- [What you will do] Check every line of the listing below for "Wiener", and report how many lines have it, as a number with nothing more.

- [Exercise input]
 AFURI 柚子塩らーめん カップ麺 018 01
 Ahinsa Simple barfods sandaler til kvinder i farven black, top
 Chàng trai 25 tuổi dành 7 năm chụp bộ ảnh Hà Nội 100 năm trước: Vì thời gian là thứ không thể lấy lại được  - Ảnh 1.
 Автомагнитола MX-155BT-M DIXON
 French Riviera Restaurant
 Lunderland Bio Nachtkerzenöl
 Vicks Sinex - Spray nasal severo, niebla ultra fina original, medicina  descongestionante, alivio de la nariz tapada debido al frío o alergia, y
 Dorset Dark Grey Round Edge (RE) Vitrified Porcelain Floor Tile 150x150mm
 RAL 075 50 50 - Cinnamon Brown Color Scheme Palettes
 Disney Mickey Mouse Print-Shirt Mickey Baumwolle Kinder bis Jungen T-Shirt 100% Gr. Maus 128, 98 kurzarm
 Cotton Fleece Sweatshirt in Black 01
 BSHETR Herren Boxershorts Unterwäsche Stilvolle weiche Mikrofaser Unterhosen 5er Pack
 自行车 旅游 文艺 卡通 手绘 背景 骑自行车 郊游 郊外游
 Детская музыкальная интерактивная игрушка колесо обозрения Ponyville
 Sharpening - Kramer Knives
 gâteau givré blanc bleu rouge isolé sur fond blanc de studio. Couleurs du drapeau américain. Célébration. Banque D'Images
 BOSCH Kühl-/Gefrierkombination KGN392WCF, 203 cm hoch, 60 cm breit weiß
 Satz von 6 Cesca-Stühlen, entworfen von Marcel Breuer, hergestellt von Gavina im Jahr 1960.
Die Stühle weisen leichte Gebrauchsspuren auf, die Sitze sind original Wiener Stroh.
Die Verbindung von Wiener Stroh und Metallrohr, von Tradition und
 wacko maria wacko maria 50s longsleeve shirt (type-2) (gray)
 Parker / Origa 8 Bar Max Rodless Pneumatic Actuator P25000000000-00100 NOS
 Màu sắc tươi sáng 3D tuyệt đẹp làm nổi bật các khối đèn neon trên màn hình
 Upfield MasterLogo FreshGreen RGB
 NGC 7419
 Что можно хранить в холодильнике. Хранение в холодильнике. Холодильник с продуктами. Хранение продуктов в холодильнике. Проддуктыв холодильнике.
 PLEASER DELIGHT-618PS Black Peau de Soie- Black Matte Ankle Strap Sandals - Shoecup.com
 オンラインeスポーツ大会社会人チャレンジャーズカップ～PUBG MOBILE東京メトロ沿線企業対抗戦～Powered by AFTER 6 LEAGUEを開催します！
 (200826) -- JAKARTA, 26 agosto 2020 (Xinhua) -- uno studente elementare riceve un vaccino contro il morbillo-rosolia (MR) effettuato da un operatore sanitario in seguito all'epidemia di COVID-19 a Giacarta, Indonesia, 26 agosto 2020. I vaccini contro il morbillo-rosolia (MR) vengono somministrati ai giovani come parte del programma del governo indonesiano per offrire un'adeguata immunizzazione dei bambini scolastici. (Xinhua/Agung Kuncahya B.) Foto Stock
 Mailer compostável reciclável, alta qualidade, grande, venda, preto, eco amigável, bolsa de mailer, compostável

- [Answer to the exercise] 2